Enhanced Adaptive Average Pooling 2D Backward Kernel: Performance Improvements and Code Simplification #1658

chunhuanMeng · 2025-05-14T02:27:31Z

Refactors and enhances the adaptive_avg_pool2d_backward_kernel implementation in the src/ATen/native/xpu/sycl/AdaptiveAveragePooling2dKernels.cpp file. Key changes include removing redundant template parameters, adding a new kernel functor for channels-last memory format, and optimizing memory usage and thread configurations for better performance and maintainability.

Refactoring and Simplification:

Removed the is_channels_last template parameter from both AdaptiveAvgPool2dBwdKernelFunctor and AdaptiveAvgPool2dBwdSLMKernelFunctor, simplifying their implementations. This eliminates conditional logic based on memory format

New Kernel Functor:

Introduced AdaptiveAvgPool2dBwdSLMChannelsLastKernelFunctor, specifically designed to handle the channels-last memory format. This functor precomputes indices and pooling factors for efficient gradient computation, leveraging shared memory for intermediate storage.

Memory and Thread Optimization:

Added constants (XPU_MAX_THREADS, GROUP_STRIDE) and optimized thread group configurations to improve performance and reduce the number of groups launched.
Updated shared memory usage calculations and introduced logic to dynamically adjust thread configurations if memory limits are exceeded.

General Improvements:

Replaced hardcoded dimensions with dynamically calculated values (isizeH, isizeW, osizeH, osizeW) for better readability and maintainability.
Removed unused or redundant code.

Copilot

Pull Request Overview

This PR refactors the Adaptive Average Pooling 2D backward kernel to improve performance, simplify code logic, and add a new optimized kernel for channels-last format.

Removed the now redundant is_channels_last template parameter and its branches.
Introduced a new kernel (AdaptiveAvgPool2dBwdSLMKernelFunctorChannelLast) that leverages shared memory and group-based processing for enhanced performance.
Updated kernel launch configurations and added utility macros for standardized index calculations.

Copilot · 2025-05-14T02:29:52Z

src/ATen/native/xpu/sycl/AdaptiveAveragePooling2dKernels.cpp

+#define START_IND_INT(a, b, c) ((a * c) / b)
+#define END_IND_INT(a, b, c) (((a + 1) * c + b - 1) / b)
+
+#define XPU_MAX_THREADS 1024 // this is safe, in reality 256 is our limit


[nitpick] Consider clarifying the comment on XPU_MAX_THREADS to explain why 1024 is used despite the realistic limit being 256, to avoid future confusion for maintainers.

Copilot · 2025-05-14T02:29:53Z

src/ATen/native/xpu/sycl/AdaptiveAveragePooling2dKernels.cpp

-    grad_input = at::empty_like(input_, smf);
-  }
+template <typename index_t, typename scalar_t>
+struct AdaptiveAvgPool2dBwdSLMKernelFunctorChannelLast


[nitpick] It would be beneficial to add inline comments describing the strategy of shared memory caching and the layout calculation in this new channels-last kernel to help future readers understand the complex index and memory computations.

Copilot

Pull Request Overview

This PR refactors the Adaptive Average Pooling 2D backward kernel to improve performance and simplify the code by removing redundant paths and introducing a new kernel optimized for channels-last memory format. Key changes include:

Removal of the is_channels_last template parameter to streamline the kernel functors.
Addition of a new channels-last kernel (AdaptiveAvgPool2dBwdSLMKernelFunctorChannelLast) that leverages shared memory caching.
Dynamic kernel launch configuration adjustments that ensure shared memory limits are respected.
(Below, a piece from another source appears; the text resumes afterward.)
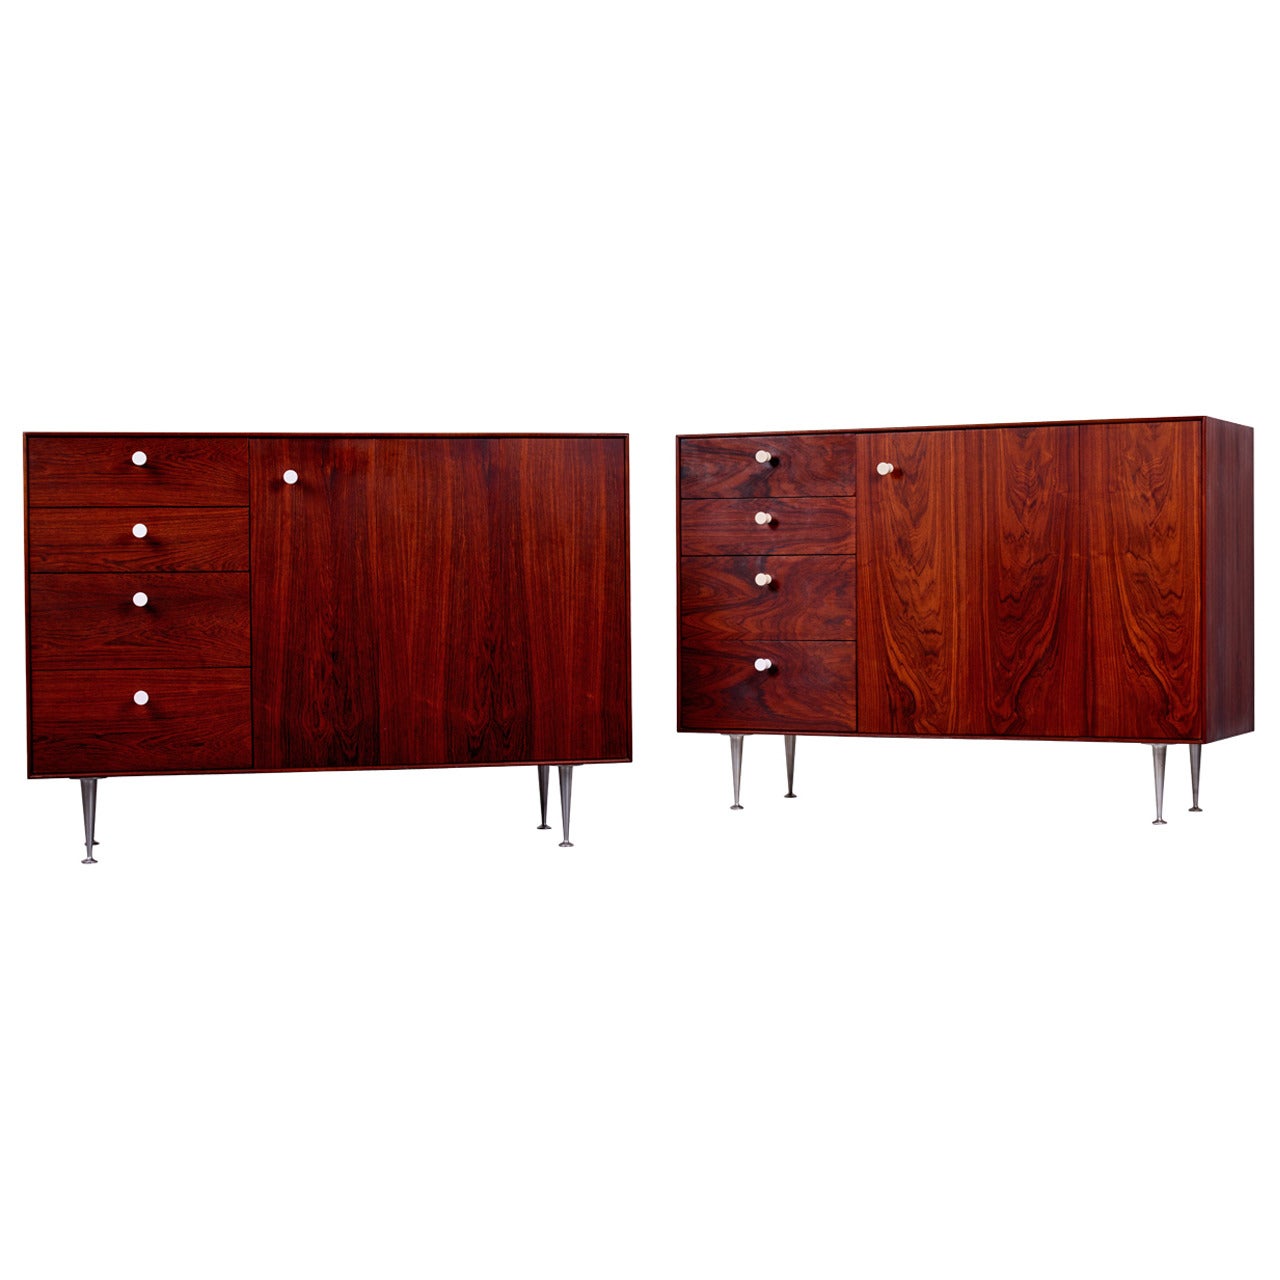 George Nelson & Associates Thin Edge Cabinets in Rosewood, 1952

Comments suppressed due to low confidence (1)

src/ATen/native/xpu/sycl/AdaptiveAveragePooling2dKernels.cpp:440

[nitpick] Consider adding an inline comment explaining the rationale behind dynamically reducing max_threads in the do-while loop to aid clarity and future maintenance.

do { ... max_threads adjustment ... } while (!done && max_threads);

src/ATen/native/xpu/sycl/AdaptiveAveragePooling2dKernels.cpp

Co-authored-by: Copilot <[email protected]>

chunhuanMeng · 2025-05-14T07:06:05Z

dtype	op	shape	ChannelsLast	output_size	original	optimized
torch.bfloat16	adaptive_avg_pool2d_backward	(8, 512, 32, 32)	TRUE	(7, 7)	153.176	53.671
torch.float16	adaptive_avg_pool2d_backward	(8, 512, 32, 32)	TRUE	(7, 7)	151.984	48.032
torch.float32	adaptive_avg_pool2d_backward	(8, 512, 32, 32)	TRUE	(7, 7)	152.44	45.624
torch.bfloat16	adaptive_avg_pool2d_backward	(8, 256, 56, 56)	TRUE	(14, 14)	211.68	76.855
torch.float16	adaptive_avg_pool2d_backward	(8, 256, 56, 56)	TRUE	(14, 14)	210.32	71.912
torch.float32	adaptive_avg_pool2d_backward	(8, 256, 56, 56)	TRUE	(14, 14)	210.312	67.248

Copilot

Pull Request Overview

This PR enhances the backward kernel for adaptive average pooling 2D on XPU by refactoring the code, removing the redundant templated memory format parameter, and introducing a dedicated kernel functor for channels-last format. Key changes include:

Simplification of the AdaptiveAvgPool2dBwdKernelFunctor and AdaptiveAvgPool2dBwdSLMKernelFunctor by removing the is_channels_last template parameter.
Addition of AdaptiveAvgPool2dBwdSLMChannelsLastKernelFunctor, which precomputes indices and pooling factors for efficient gradient accumulation using shared memory.
Optimization of thread, group, and shared memory configurations to improve performance.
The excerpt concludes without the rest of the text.